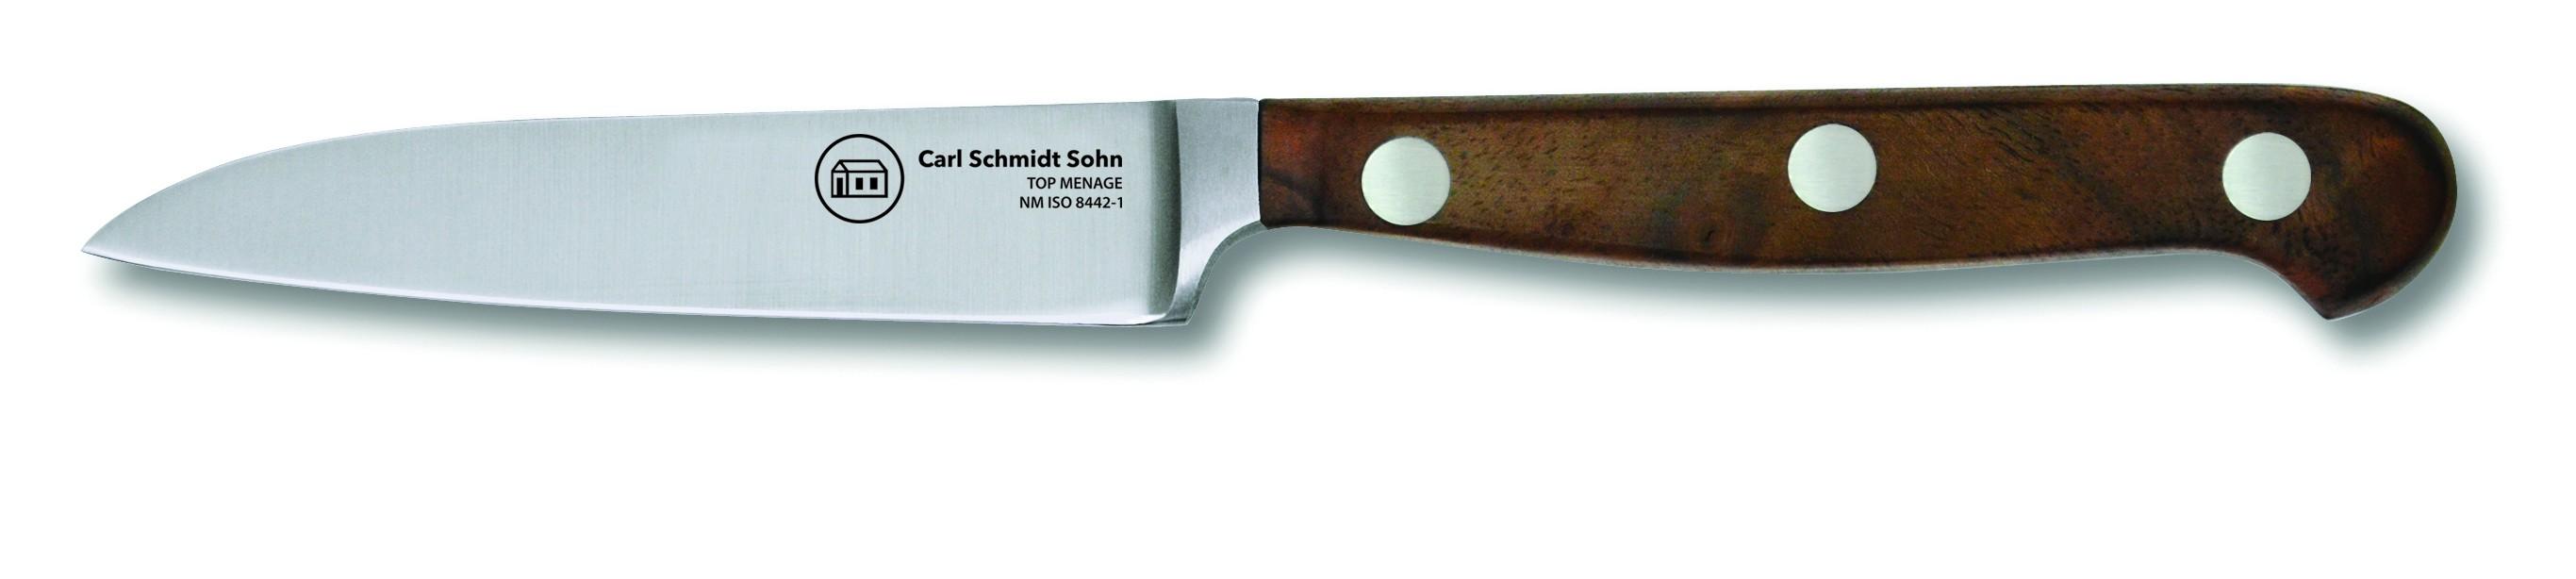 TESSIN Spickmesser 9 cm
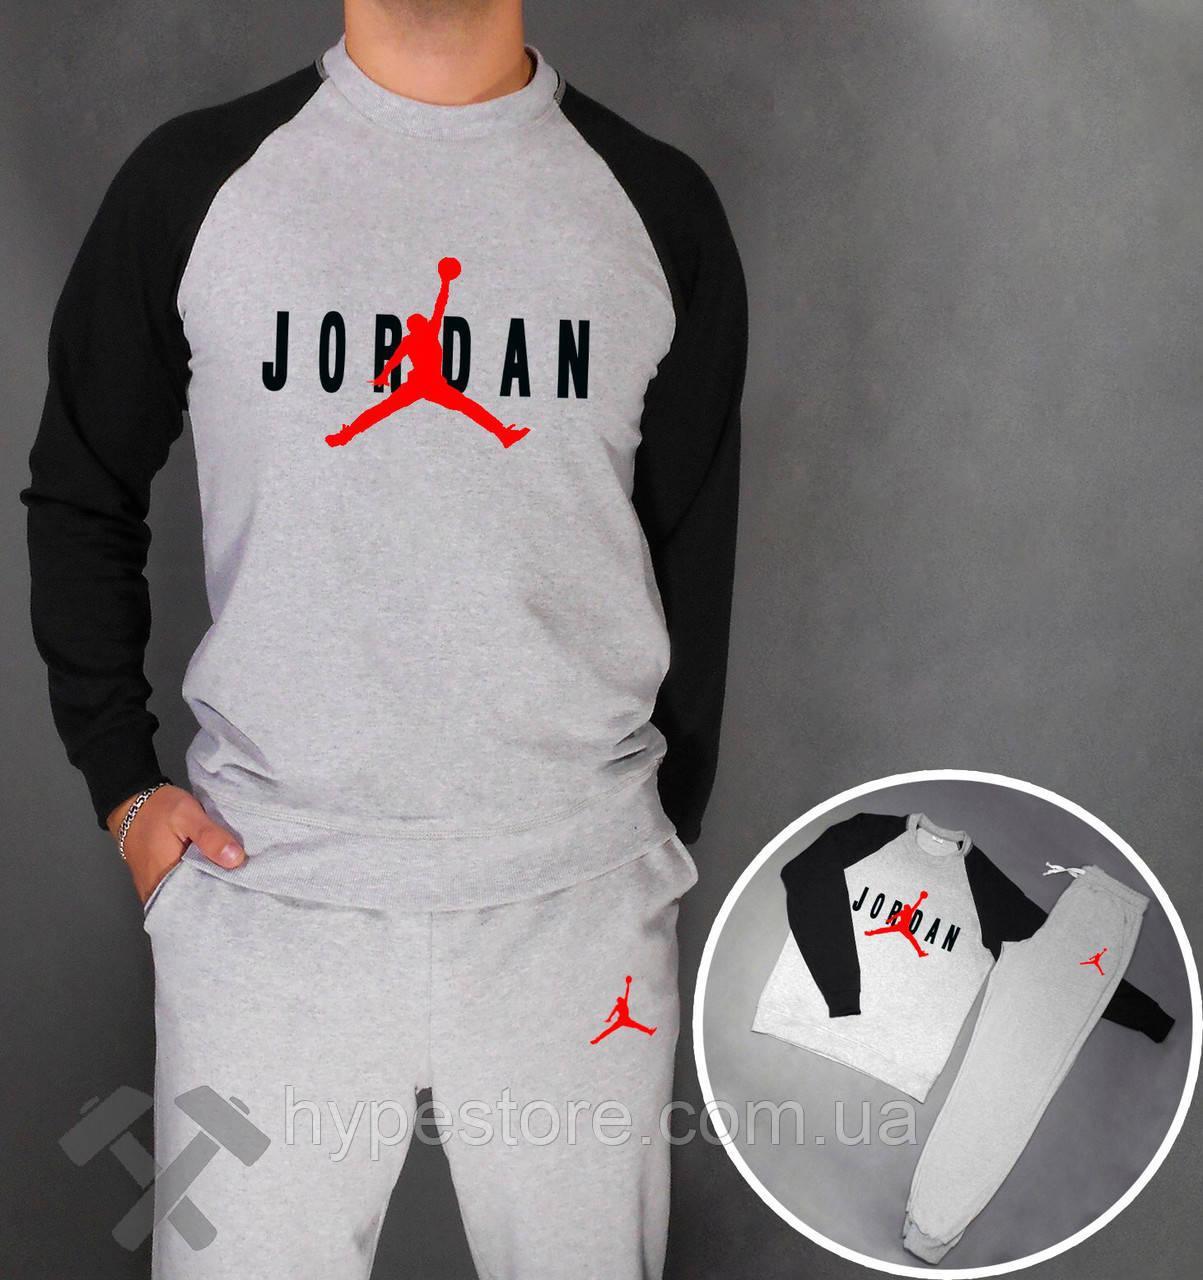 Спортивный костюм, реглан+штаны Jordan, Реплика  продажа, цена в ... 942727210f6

- - - -

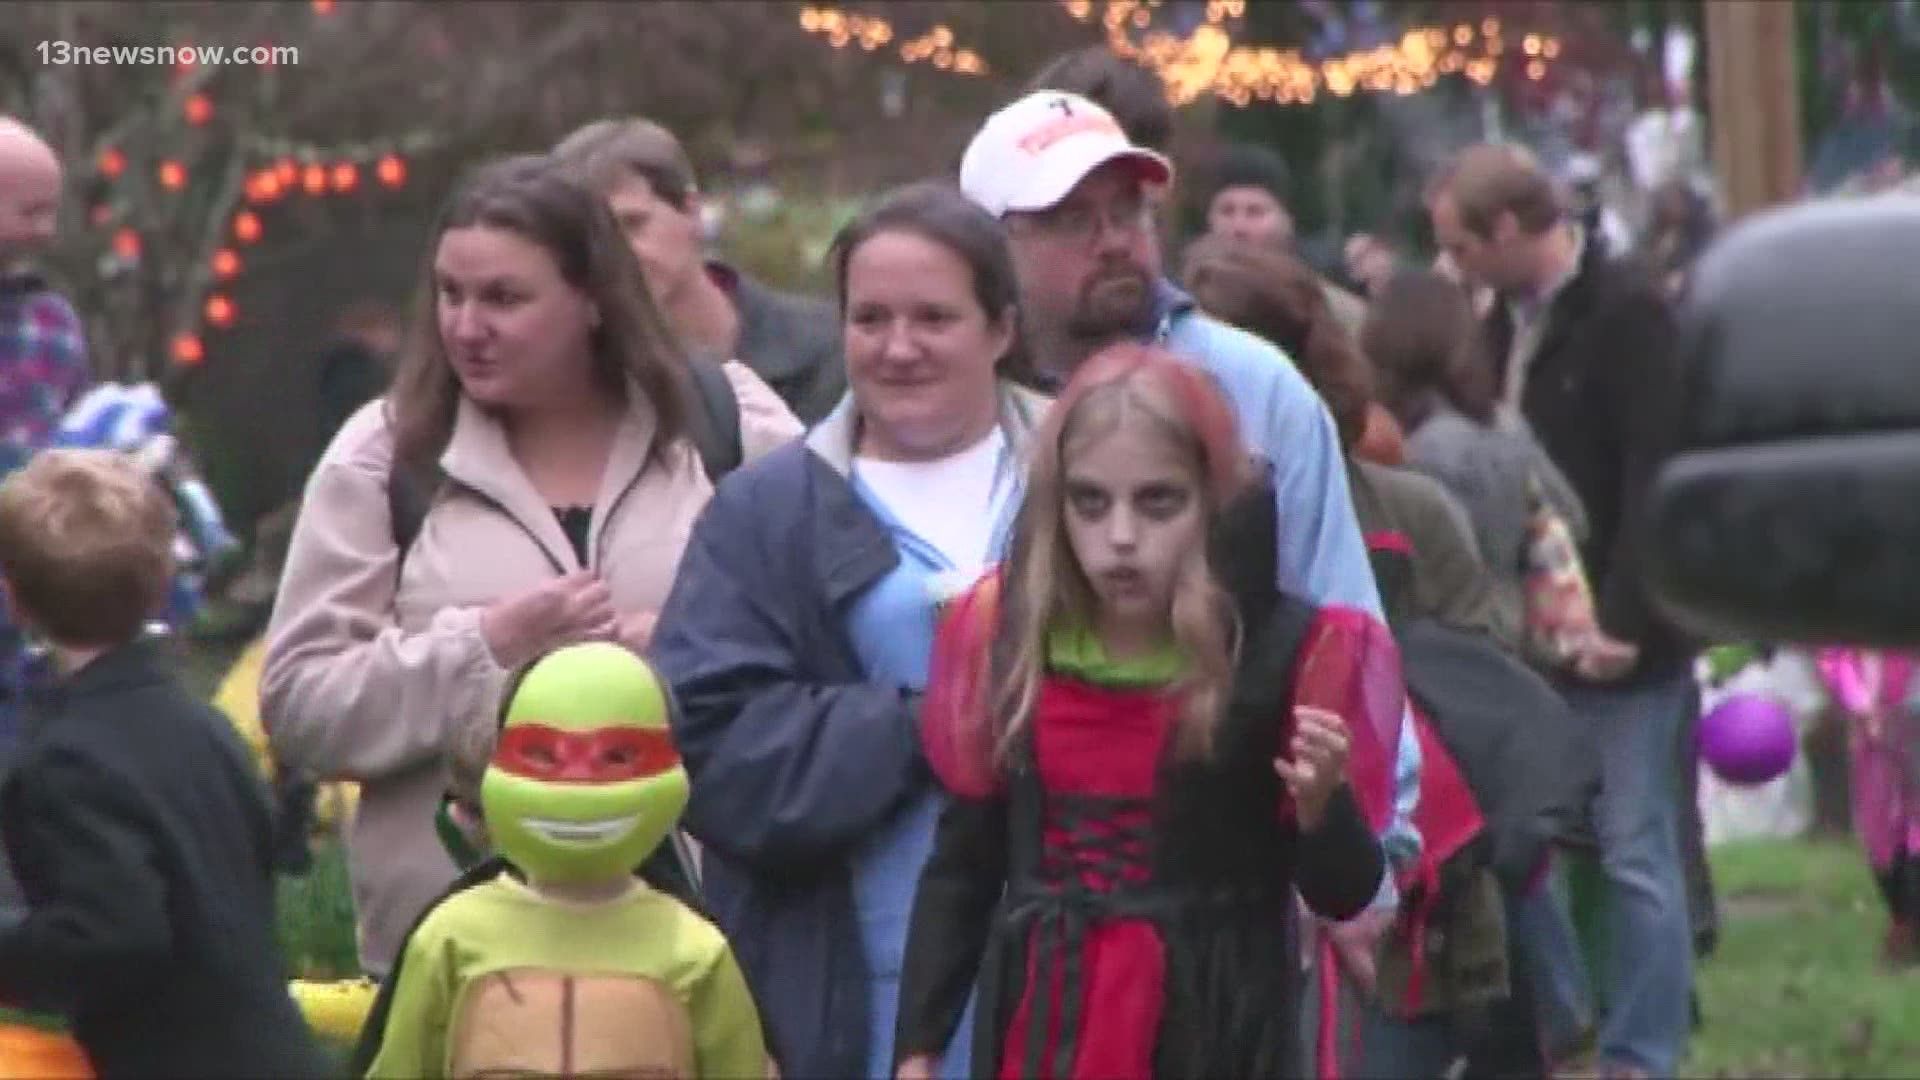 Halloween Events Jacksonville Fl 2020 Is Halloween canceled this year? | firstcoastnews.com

- - - -

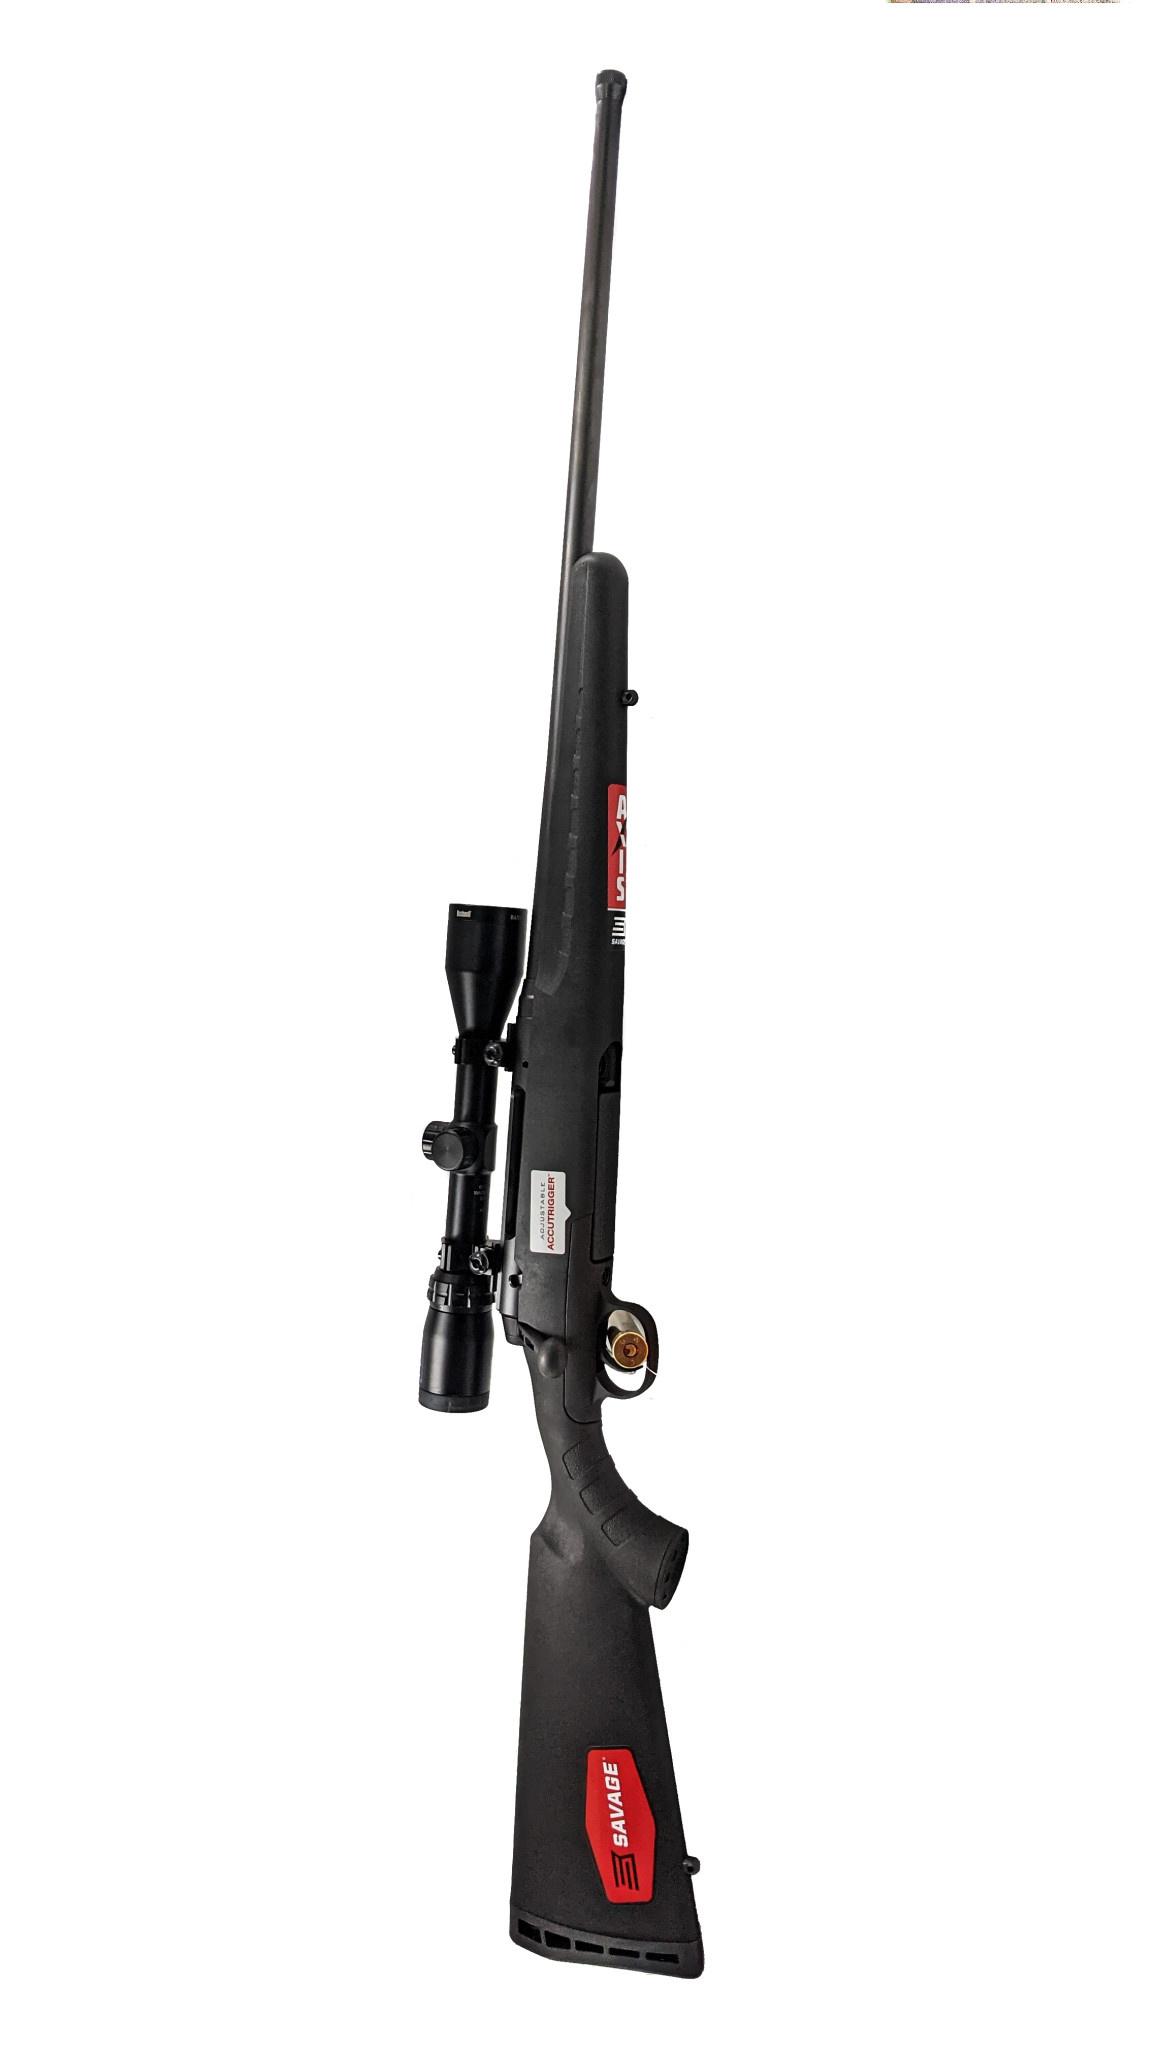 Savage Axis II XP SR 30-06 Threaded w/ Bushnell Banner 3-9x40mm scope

- - - -

Instructions for the task >>
Look above for the line with "TESSIN Spickmesser 9 cm" and the line with "Спортивный костюм, реглан+штаны". Copy them and every line between, exactly, but no pictures.

Result >>
 TESSIN Spickmesser 9 cm
 Спортивный костюм, реглан+штаны Jordan, Реплика  продажа, цена в ... 942727210f6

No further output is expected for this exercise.